# Scraping Kickstarter project pages

**Goal: Load parsed data from Web Robots database, containing URLs and other aspects of Kickstarter projects, scrape each project page, and save the results in a table.**

Note: 2000 scraped pages take up ~1 GB of storage. In addition, the scraping rate used in this notebook converges to about 0.28 pages/second.

In [1]:
# Load required libraries
import requests
import numpy as np
import pandas as pd
from sklearn.externals import joblib
import time
import random
from IPython.core.display import clear_output

Load the table containing already-parsed Web Robots data.

In [2]:
# Load table containing Web Robots data
df = joblib.load('data/web_robots_data/web_robots_data_to_06-2017.pkl')

The parsed data includes:

- `name` - project's name
- `category` - project's category as defined by Kickstarter
- `hyperlink` - project's web page URL
- `currency` - type of currency used for fundraising
- `pledged` - total amount of money pledged by backers over the course of the project
- `goal` - funding goal set by the creator
- `location` - creator's location information

Let's select the projects that only use U.S. dollars to ensure we're working with projects written in American English.

In [3]:
# Select projects described in American English
df_USD = df[df['currency'] == 'USD']

Since the Web Robots data contains nearly 200,000 projects, we'll select a random sample for scraping.

In [4]:
# Take a random sample of the Web Robots data using a seed value to ensure
# repeatability
seed = np.random.seed(42)
df_sample = df_USD.sample(50000)

During the scraping process, we'll monitor the overall progress and measure how fast we're scraping to avoid overloading the Kickstarter server. Afterwards, we'll report the total run time, average scraping speed and the total number of scraped project pages. We'll also keep track of the position of the last scraped project page, in case the scraper halts for any reason, to note where we left off.

In [5]:
# Initalize an empty DataFrame to store scraped HTML
scraped_collection = pd.DataFrame(columns=['scraped_HTML'])

# Record the start time
start_time = time.time()

# Initialize the number of requests
request_count = 0

# Select which projects to scrape via its index. This is used for starting
# at a position other than the beginning in case the scraper stopped 
# unexpectedly.
starting_point = 0
ending_point = 24000

for index, row in df_sample[starting_point:ending_point].iterrows():
    # Perform a request and timeout after 20 seconds since some pages may take
    # longer to scrape
    scraped_html = requests.get(row['hyperlink'], timeout=20)
    
    # Pause the loop for a random amount of time
    time.sleep(random.uniform(2, 4))
    
    # Monitor the requests by clearing the output and displaying current 
    # progress
    elapsed_time = time.time() - start_time
    clear_output(wait = True)
    print(
        'Request: {}; Row ID: {}; Frequency: {} requests/sec'.format(
            request_count + starting_point,
            index,
            (request_count + 1) / elapsed_time
        )
    )
    request_count += 1
    
    # Record scraped HTML
    scraped_collection.loc[index, 'scraped_HTML'] = scraped_html
    
# Display the overall time, average scraping speed and total number of scraped
# project pages
run_time = time.time() - start_time
print()
print('Run time:', run_time)
print('Average rate:', len(scraped_collection) / run_time)
print('# of projects scraped:', len(scraped_collection))
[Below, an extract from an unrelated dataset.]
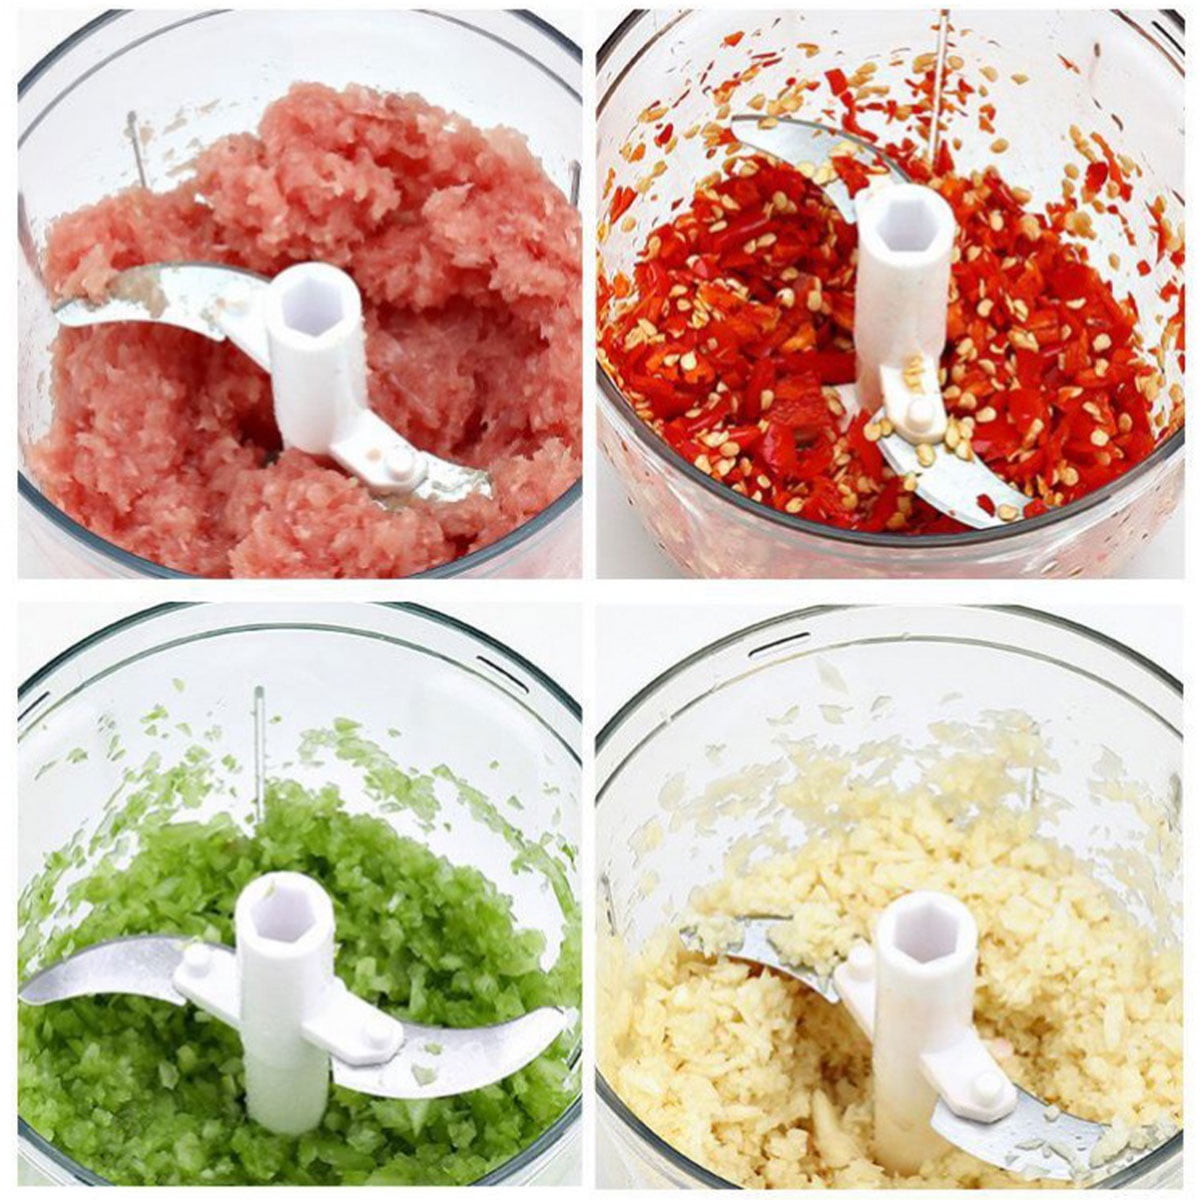  Garlic Chopper, Manual Food Chopper Vegetable Cutter, Chopper  Hand String Vegetable Chopper Onions Cutter for Vegetable Fruits Nuts  Durable Pepper Nuts Ginger Tomato etc. (500ml Green): Home & Kitchen

Request: 1; Row ID: 190378; Frequency: 0.31547747899263323 requests/sec

Run time: 6.344876289367676
Average rate: 0.3152149717010981
# of projects scraped: 2


Let's save the collection of scraped HTML and label the filename with the indices of the projects scraped to keep track off how far into the random sample we've scraped. This way, it's easy restart the scraper where we left off.

In [6]:
# Serialize the data table containing the scraped HTML for each project
joblib.dump(
    scraped_collection, 'scraped_collection_{}-{}.pkl'.format(
        starting_point,
        ending_point - 1
    )
)

['scraped_collection_0-1.pkl']